The Sydney Morning Herald (SMH) covered some news about an error that was caused by using an incorrect domain name in an email address. The error involved the Commonwealth Bank of Australia (CBA). Here’s what happened, according to SMH:
“The bank on Friday said it had conducted an information security investigation, after it emerged that last financial year staff had inadvertently sent 651 internal emails to email addresses with the domain name cba.com, rather than the bank’s actual domain name of cba.com.au.”
Incidentally, something very similar recently happened to a different bank in Australia when “customer information was sent in error to an nab.com address rather than an email address on the nab.com.au domain,” reported ZDNet in January of 2017.
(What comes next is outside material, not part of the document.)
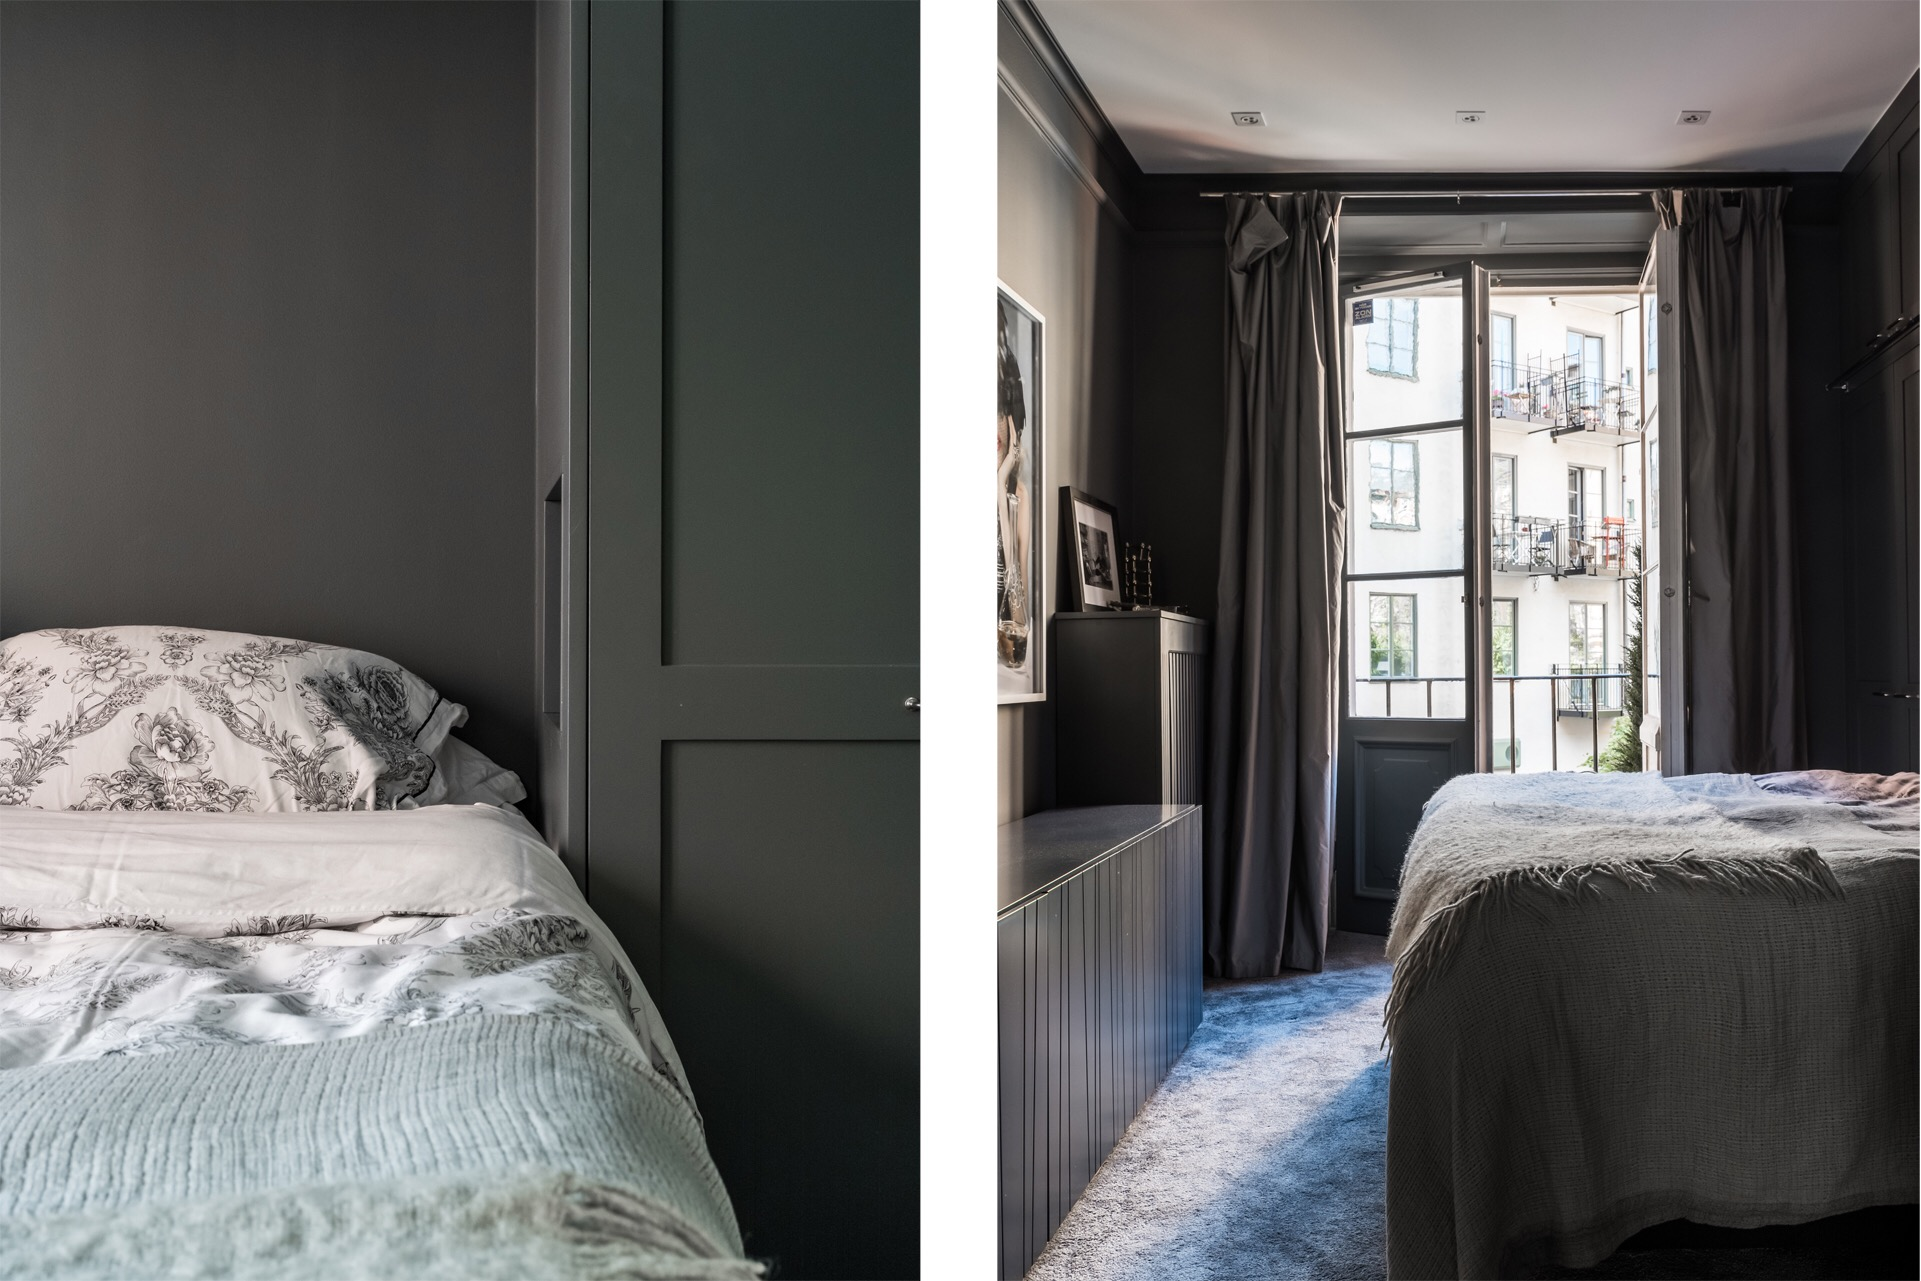 спальня кровать изголовье шкаф комод двери балкон

A little less than a year ago, I wrote an article about how email is the domain name X factor. Many companies still don’t think domain names are super important. They may feel their money is better spent on branding or building products/services rather than buying an expensive exact match domain name. Companies that think this way may opt for a less expensive ccTLD or cutesy domain name like “GetX” or “UseX” instead of the exact match .com name. Clients, vendors, prospects, and apparently even internal marketing teams may be confused or forgetful and use the brand match .com domain name instead. If the email snafu involves private information or data being shared with unauthorized parties, that can be a big problem if the company doesn’t control that other domain name.
This is another example of why companies, especially those who retain private consumer data, should practically do whatever it takes to get the brand matching .com domain name for their business.
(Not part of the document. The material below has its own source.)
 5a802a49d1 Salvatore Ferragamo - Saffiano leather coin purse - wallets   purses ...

As you may recall, I wrote about the CBA.com domain name a couple of years ago. The SMH article also discussed the acquisition of the domain name, but I found one aspect of the article to be a bit confusing:
“The bank said that in 2016-17, cba.com was owned by a United States cyber security company, and before that, it was owed by a US financial services company called Cheslock Bakker & Associates.”
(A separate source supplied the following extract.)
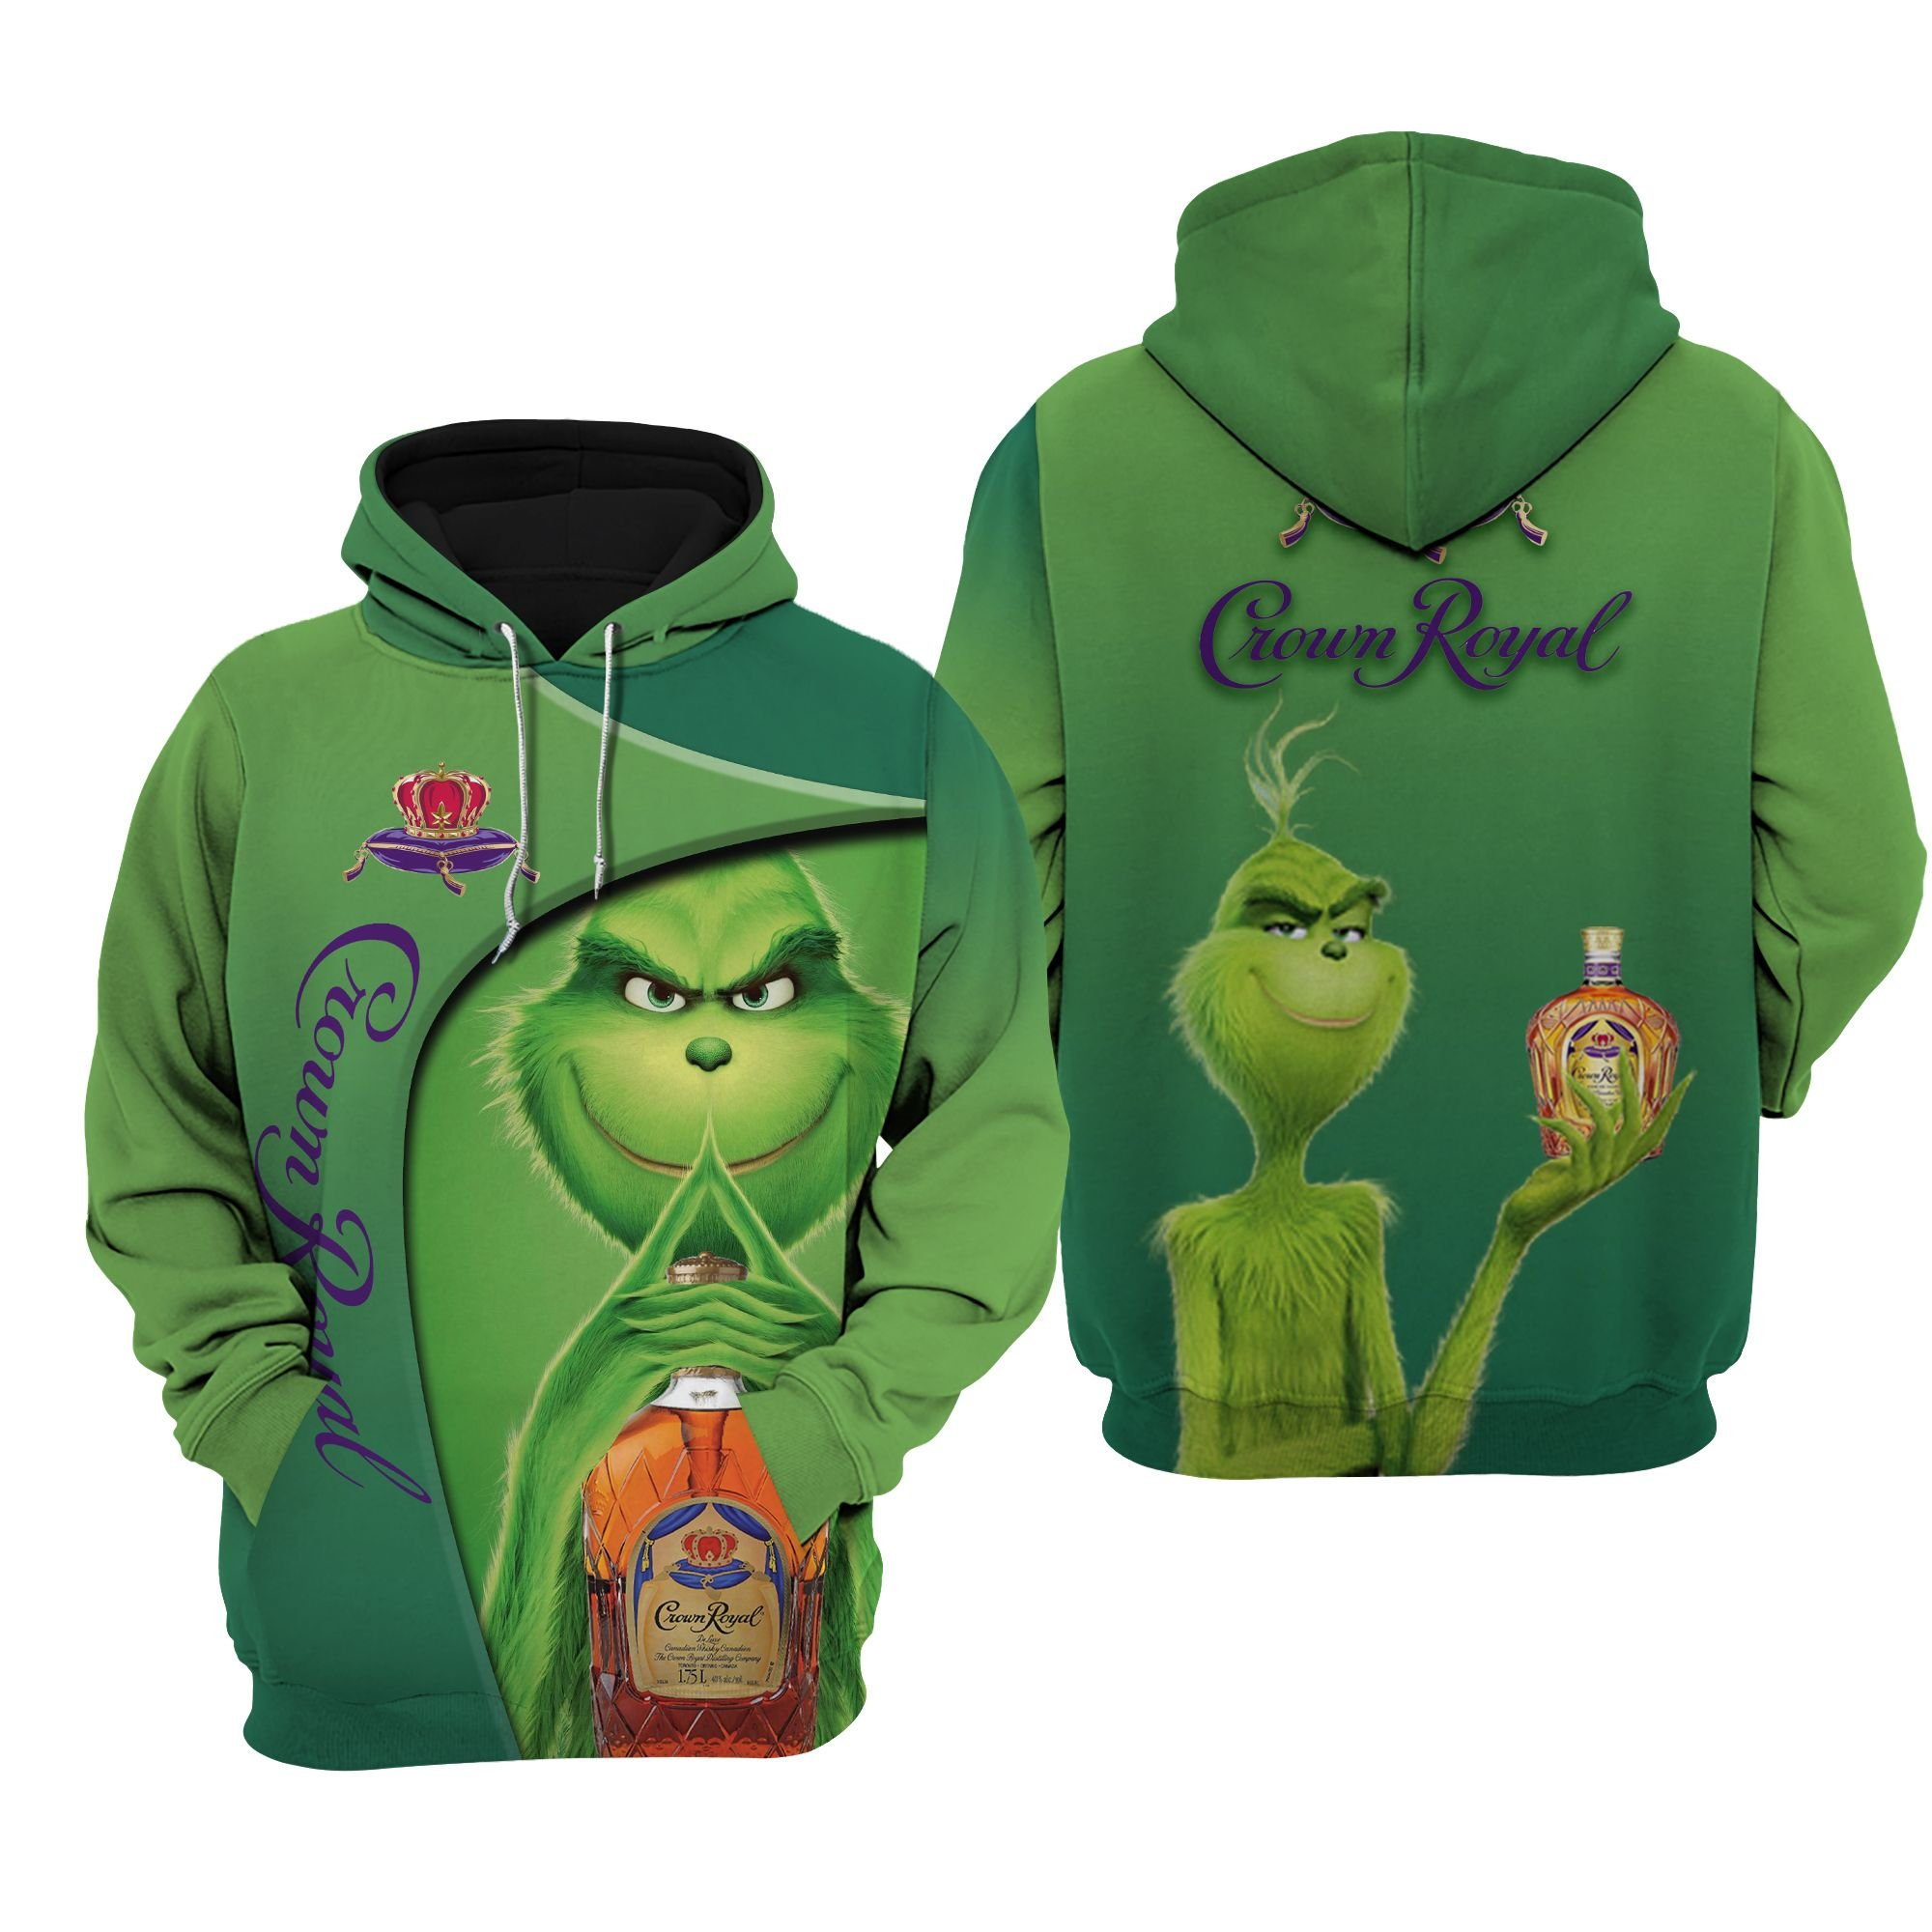 Grinch Crown Royal All Over Printed 3D Hoodie

A Screenshots.com entry from May of 2016 shows that the domain name was parked with PPC advertising links in 2016. Using the Whois History tool at DomainTools, I was able to see the CBA.com domain name was parked using Parking Crew name servers in 2016 (Parking Crew is a domain name parking / monetization company). Although the domain name was registered under privacy, I do not believe the registrant of the domain name was a cybersecurity firm as reported, but rather a domain investment company. I was able to confirm this with Mike Robertson, the person who acquired the domain name in the bankruptcy auction on behalf of his client.
I think the case of CBA.com illustrates how problematic it can be for a big firm to not own the exact match .com domain name. I have heard many people downplay concerns about confusing domain names because they believe customers and prospects will find their website via Google or social networking tools. They also need to understand the role of email and how a confusing domain name can be problematic.